* _Data extracts_

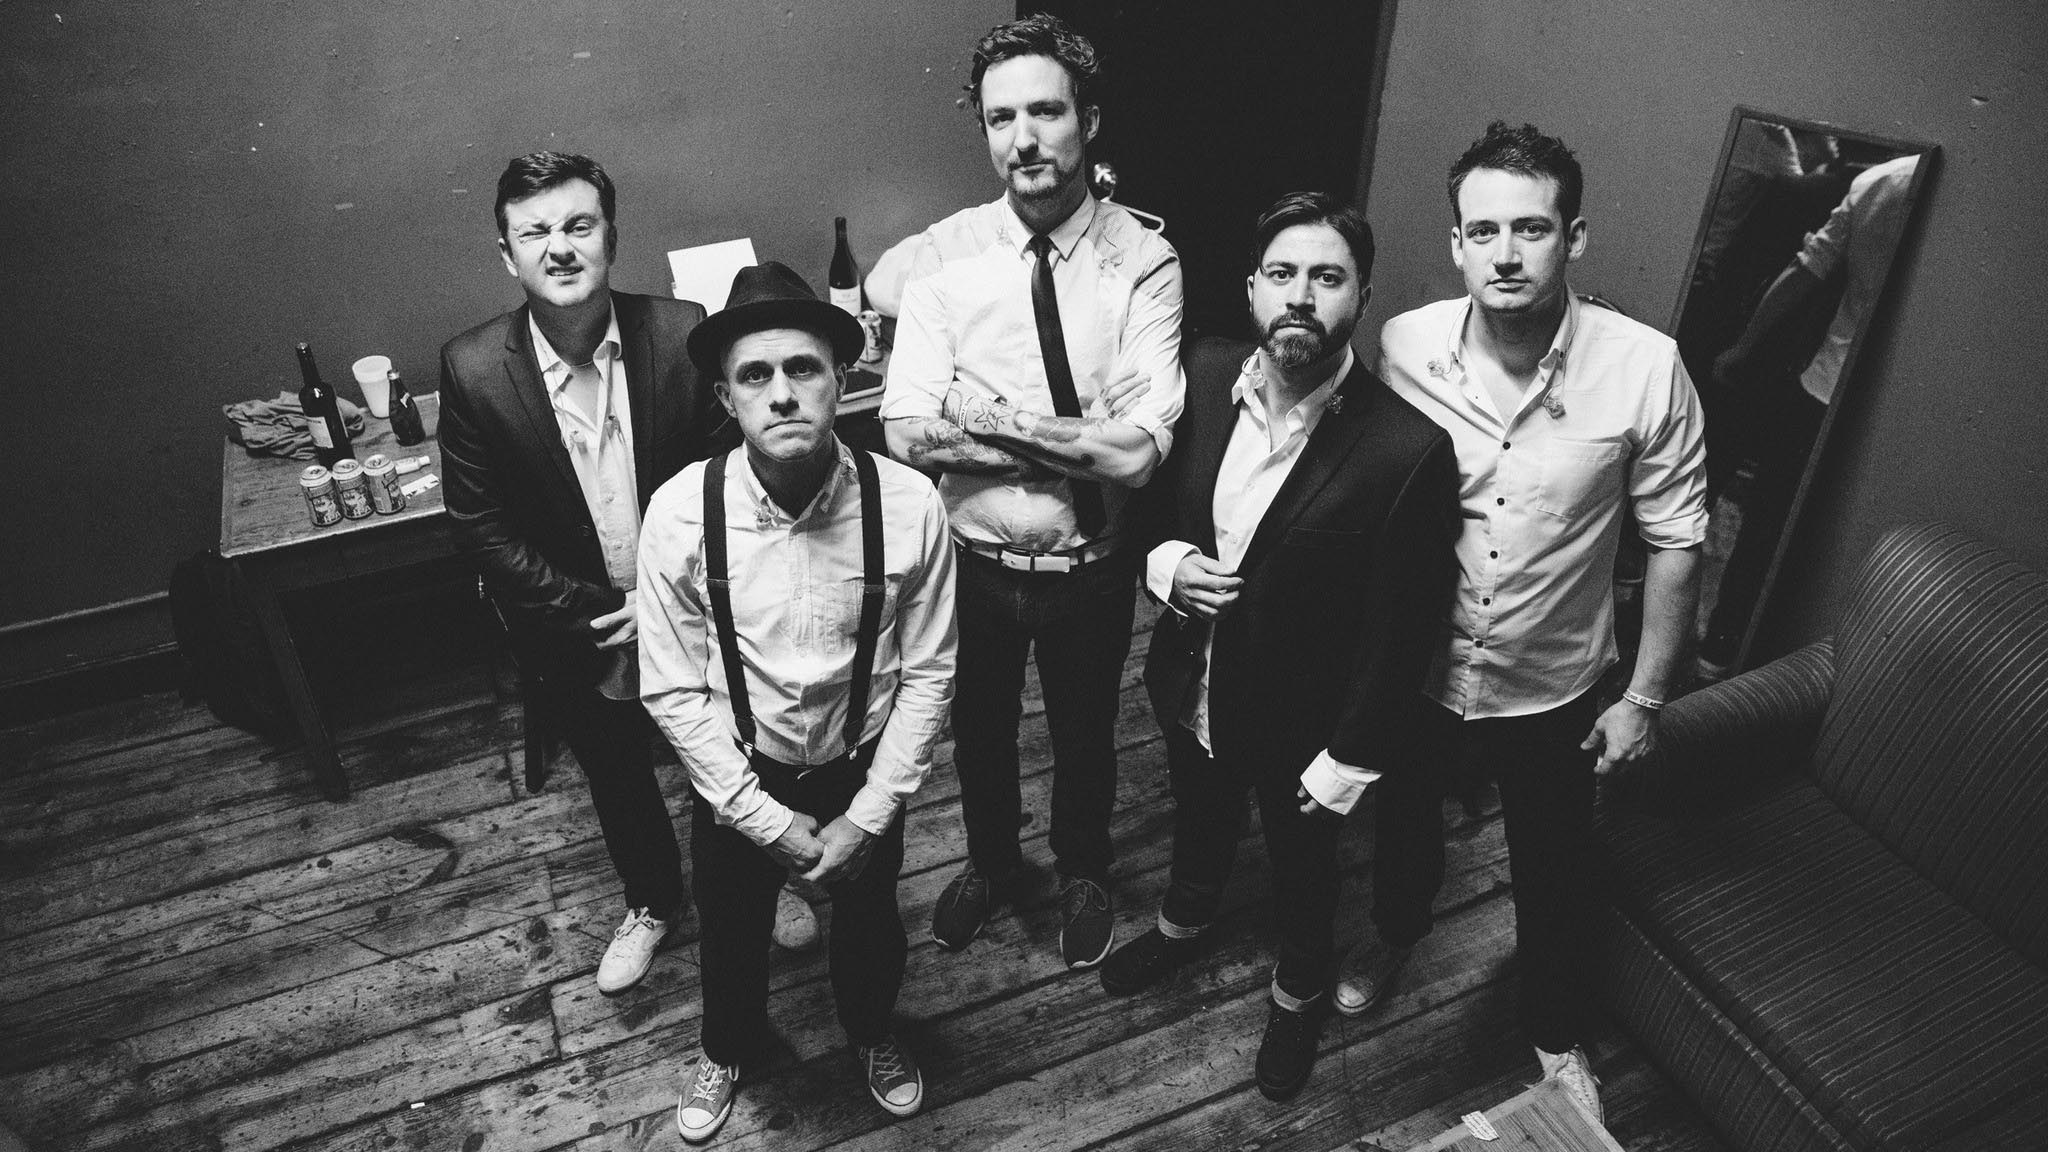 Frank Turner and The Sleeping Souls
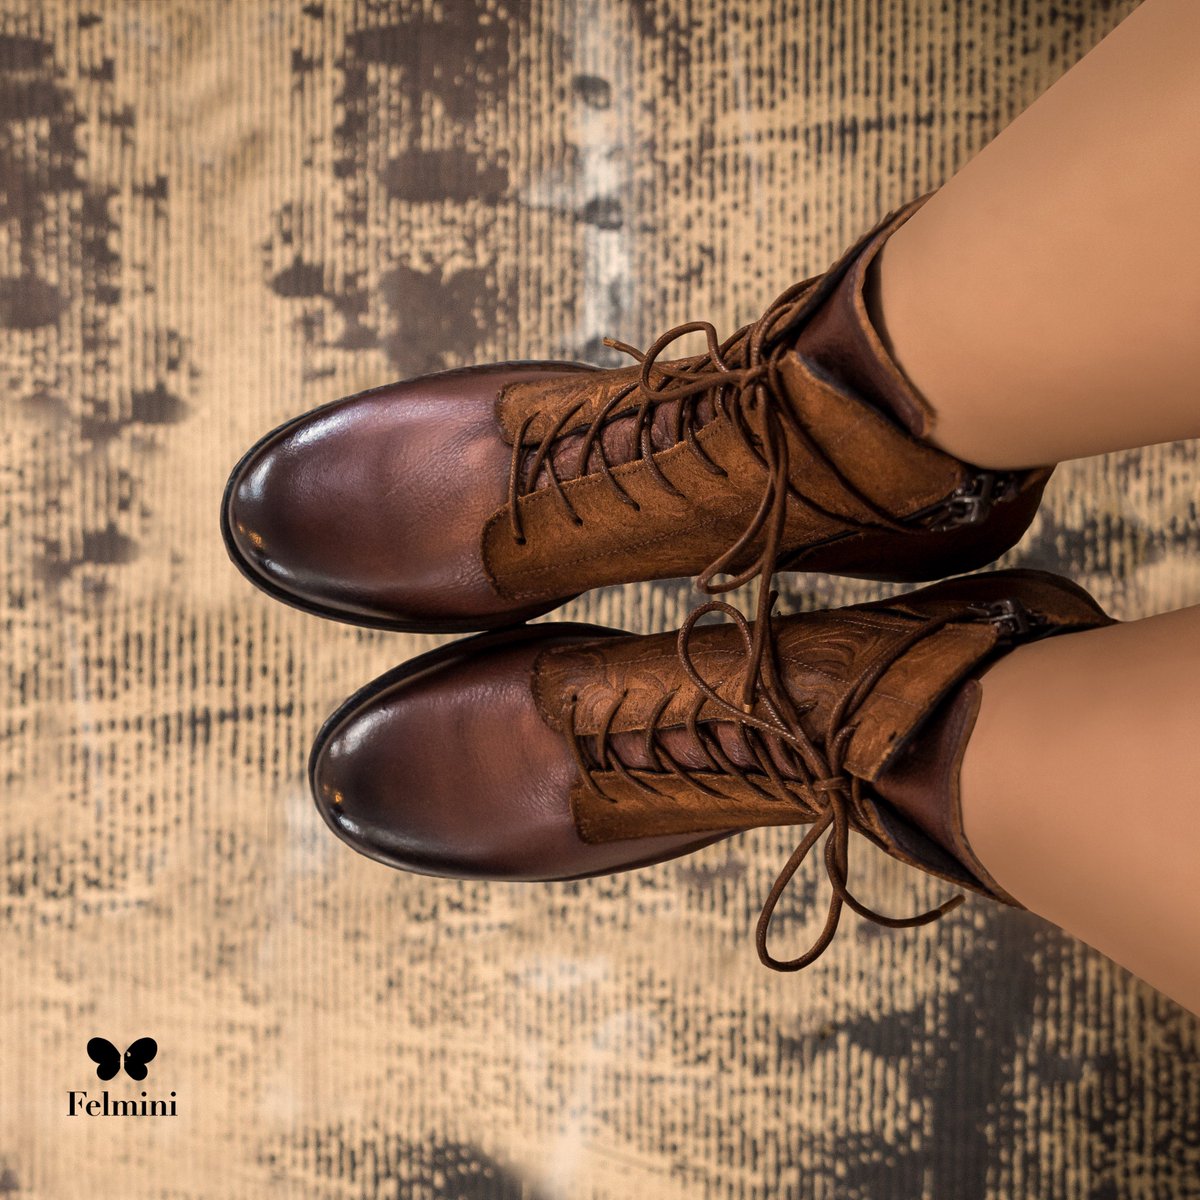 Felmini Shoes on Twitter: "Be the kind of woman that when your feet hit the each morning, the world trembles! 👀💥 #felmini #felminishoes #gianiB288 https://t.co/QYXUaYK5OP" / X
* * *
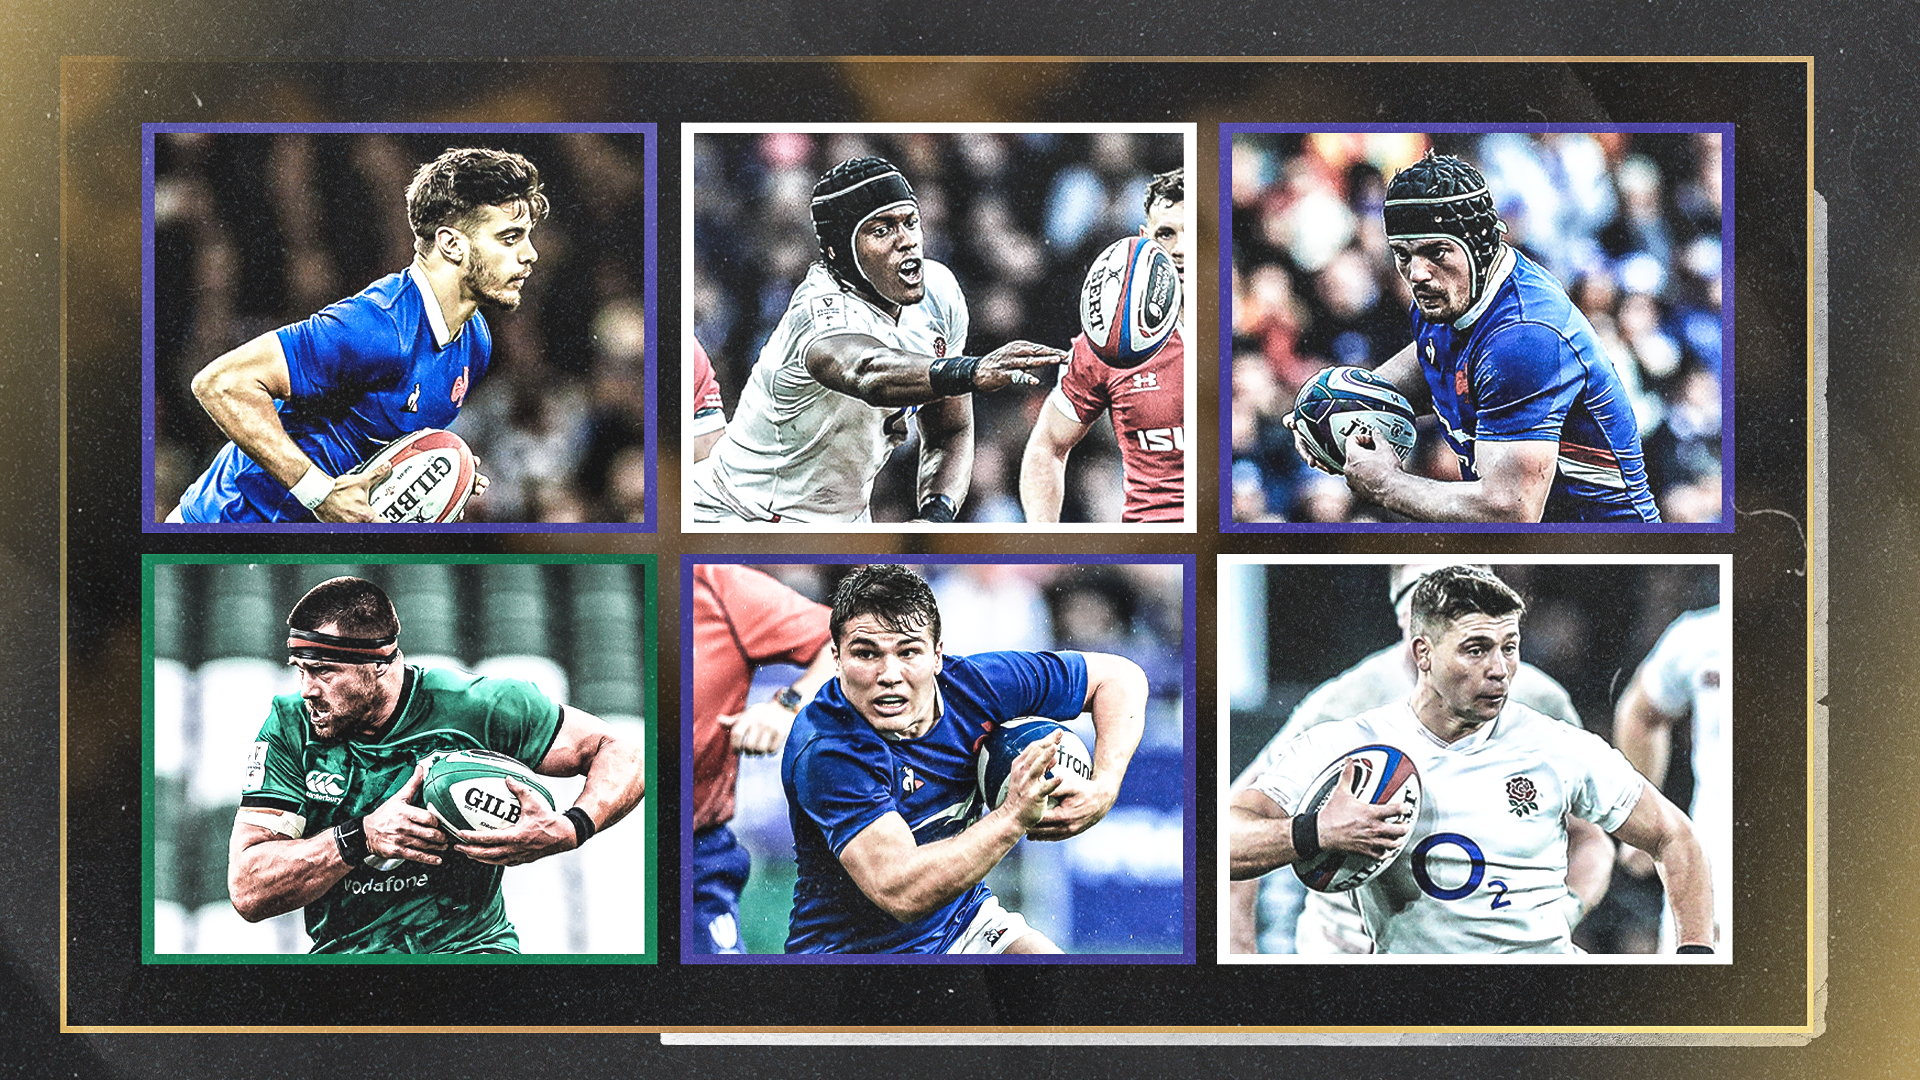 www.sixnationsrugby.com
* * *
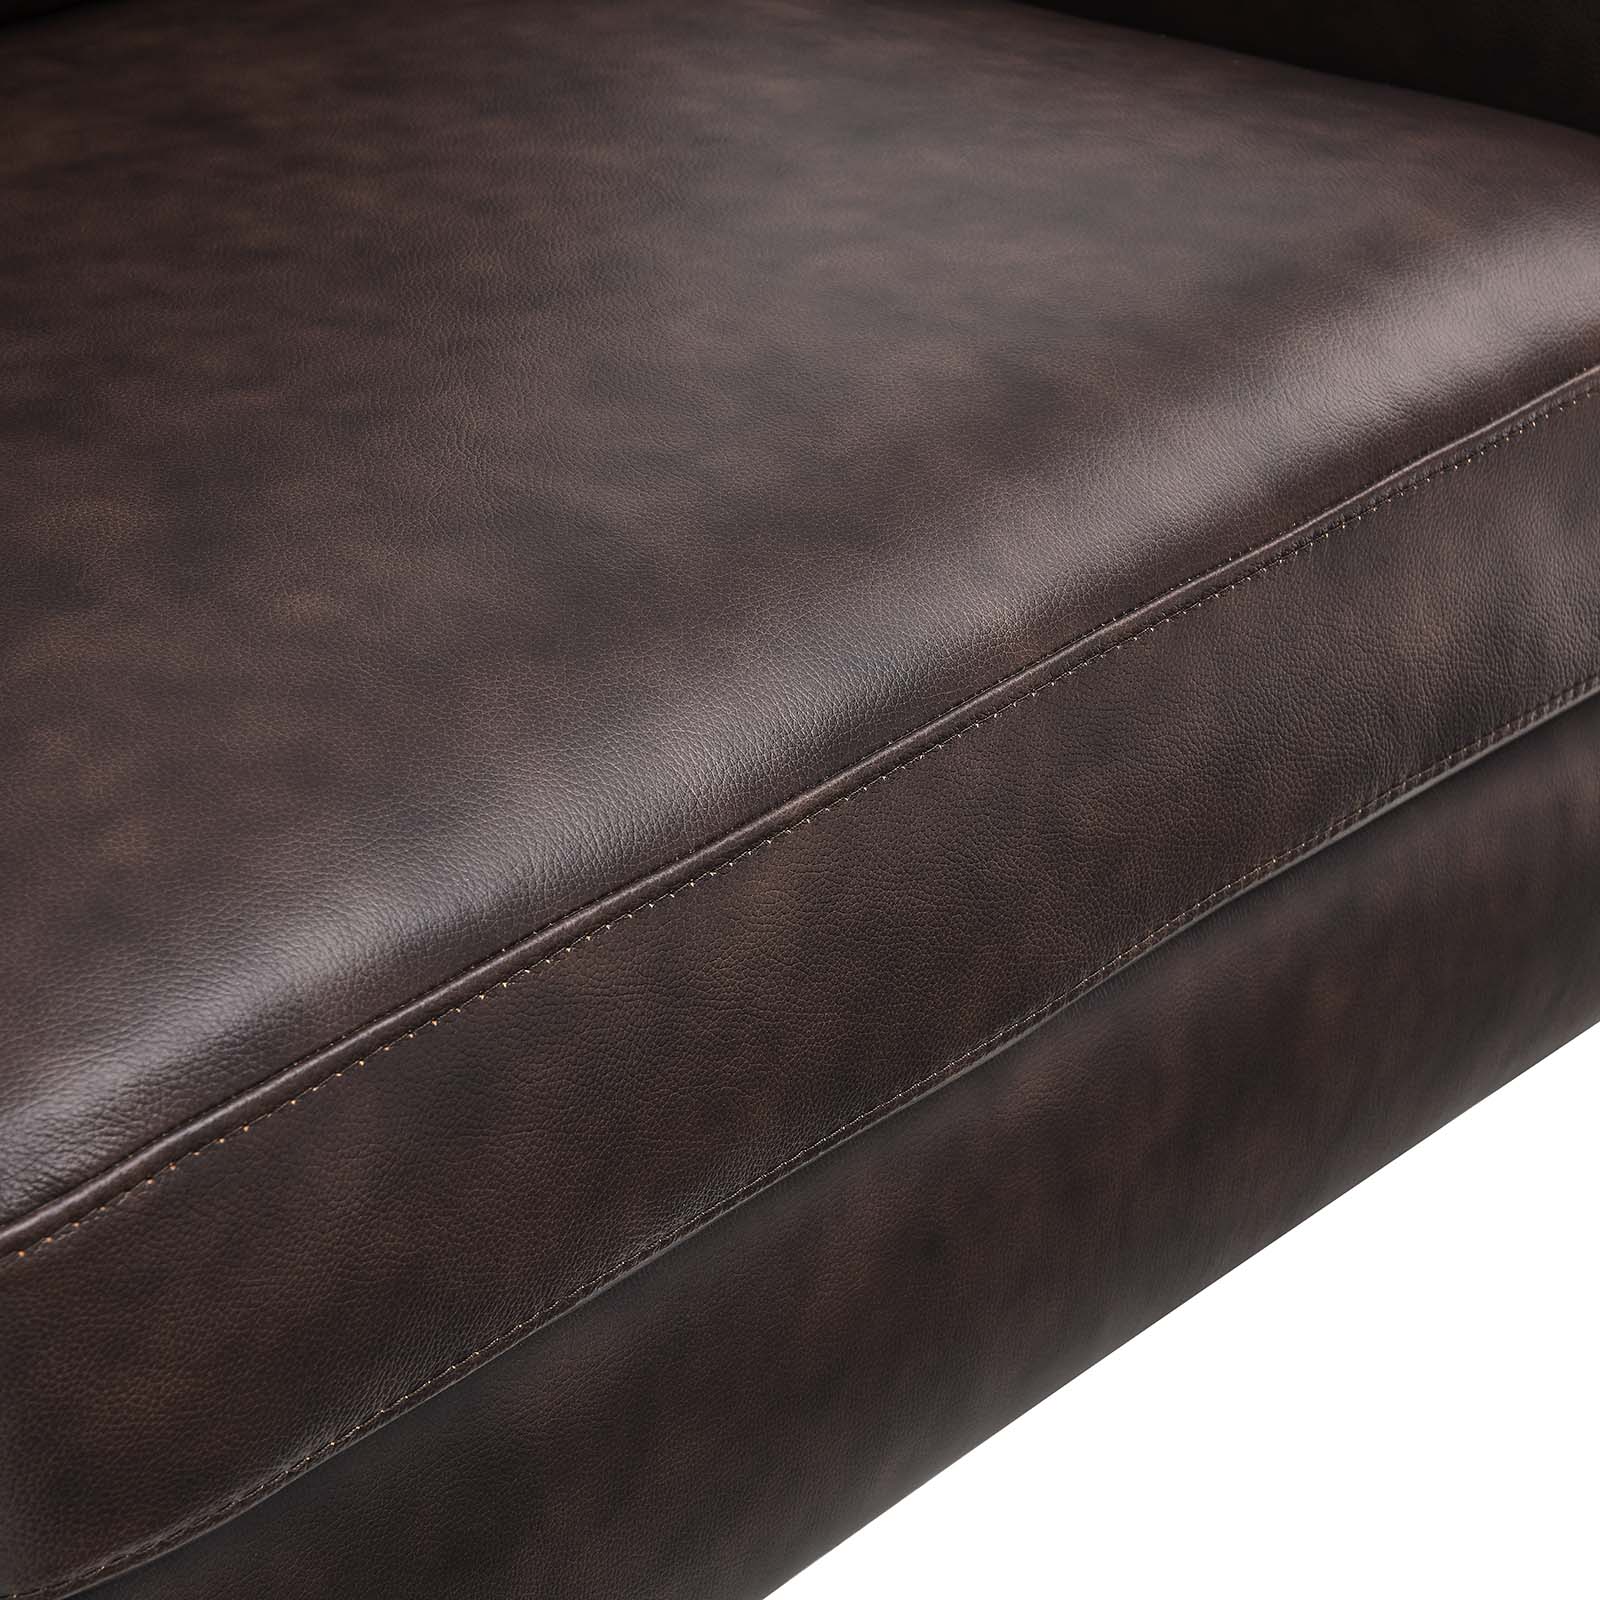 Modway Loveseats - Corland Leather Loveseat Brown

* _What you are asked to do_
Reproduce word for word, with pictures dropped, only the part of the material above that opens with the line containing "Frank Turner and The Sleeping Souls" and closes with the line containing "Felmini Shoes on".

* _Output for this exercise_
 Frank Turner and The Sleeping Souls
 Felmini Shoes on Twitter: "Be the kind of woman that when your feet hit the each morning, the world trembles! 👀💥 #felmini #felminishoes #gianiB288 https://t.co/QYXUaYK5OP" / X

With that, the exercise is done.